Andaaz 2 is a 2025 Indian Hindi-language romantic drama film directed and produced by Suneel Darshan. The film stars debutants Aayush Kumar, Aakaisha, and Natasha Fernandez. It is the sequel to the 2003 film Andaaz. The film released on August 8, 2025, to negative reviews.

==Cast==
- Aayush Kumar as Aarav
- Aakaisha Vats as Alisha
- Natasha Fernandez as Priyanka
- Parmarth Singh as Ehsaan
- Srikant Maski as Tony
- Puja Sharma
- Neetu Pandey
- Sanjay Mehandirata
- Bharat Bhatia
- Dolly Bindra
- Jeetu Verma as Yeda Anna

==Production==
The film has been shot across various location across Allahabad and Haryana.

==Music==
All songs have been composed by Nadeem Saifi of the Nadeem–Shravan duo. The lyrics are written by Sameer Anjaan.The vocals have been lent by singers including Shaan, Neeraj Shridhar, Palak Muchhal, Javed Ali, Amit Mishra, Shadab Faridi, Debanjali, and Asees Kaur.
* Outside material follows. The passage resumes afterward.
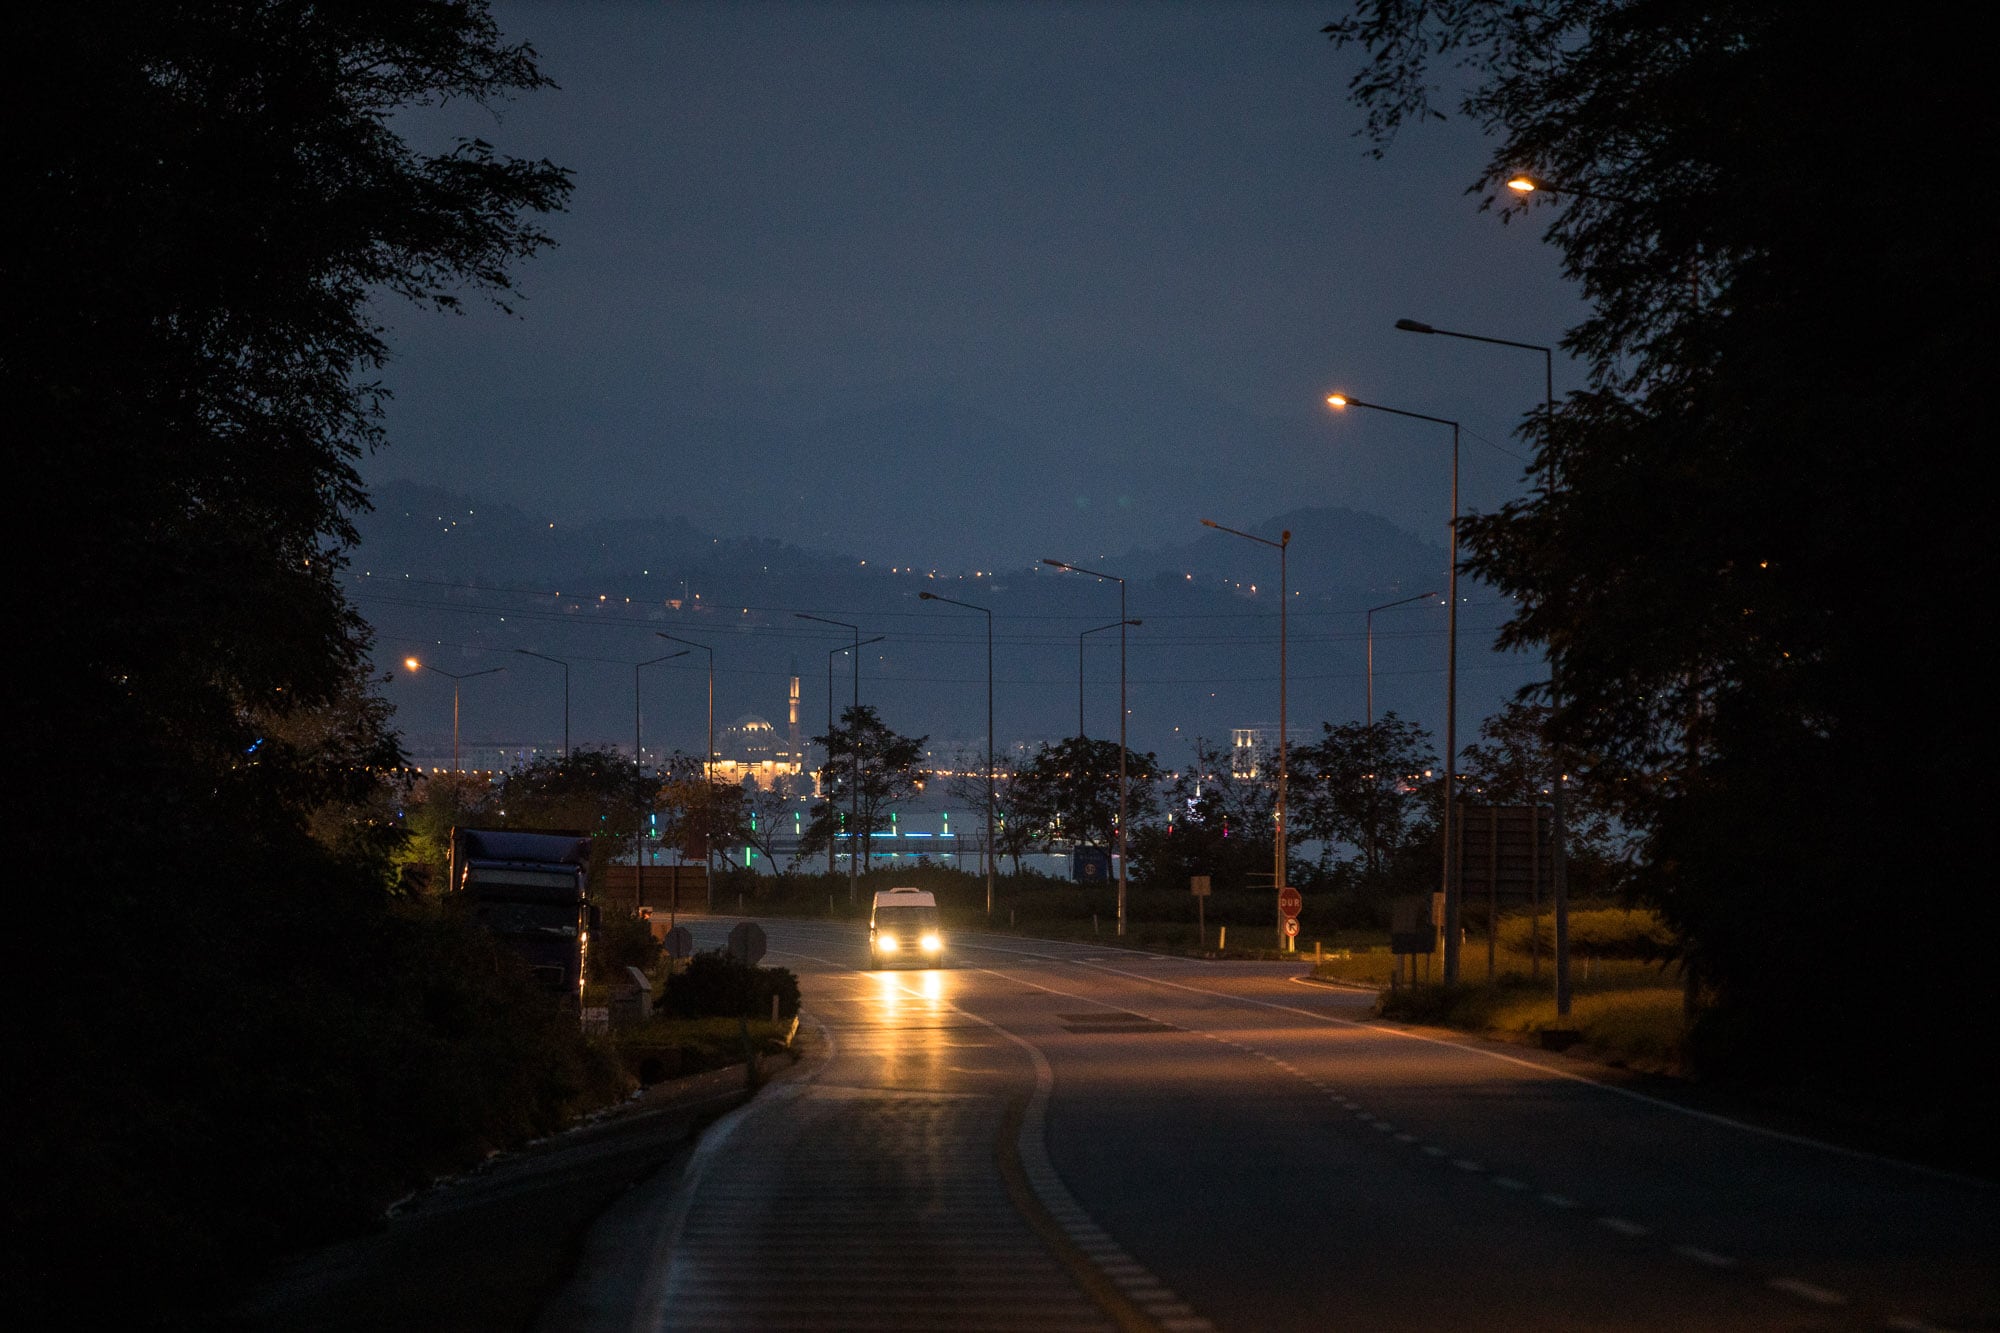 nightly road

| No. | Title | Singer(s) | Length |
|---|---|---|---|
| 1. | "Tere Bin Kahin Dil Na Lagey"" | Mohammed Irfan, Palak Muchhal |  |
| 2. | "You Are Beautiful" | Javed Ali, Palak Muchhal |  |
| 3. | "Ishq Junooni Hai" | Neeraj Shridhar |  |
| 4. | "Rabba Ishq Na Hove 2.0" | Palak Muchhal, Asees Kaur, Shadab Faridi |  |
| 5. | "Kitni Pyaari Si" | Javed Ali |  |
| 6. | "Hum Jaise Jee Rahe Hain" | Amit Mishra |  |
| 7. | "Waqt Ne Kiya Iss Qadar Sitam" | Mohammed Irfan, Palak Muchhal |  |
| 8. | "Shammak" | Shaan, Debanjali B Joshi |  |

==Reception==
Mayur Sanap of Rediff.com gave one-half star out of 5 and said that "The sheer awfulness of Andaaz 2 really doesn't deserve anyone's time or attention."
Bollywood Hungama rated it 1.5/5 stars and commented that "On the whole, ANDAAZ 2 is embellished with great music but it suffers on account of a weak script and poor direction."
Bhawna Arya of Times Now gave 2.5 stars out of 5 and said that "In conclusion, weak performances, a loosely written script and a poor screenplay of the film fail to recreate the magic of the iconic film Andaaz."

Subhash K Jha writing for News 24 gave 3 stars out of 5 and observed that "Suneel Darshan’s unabashed homage to the cinema of the 1970s is sweet, tender, sometimes overdone but never offensive."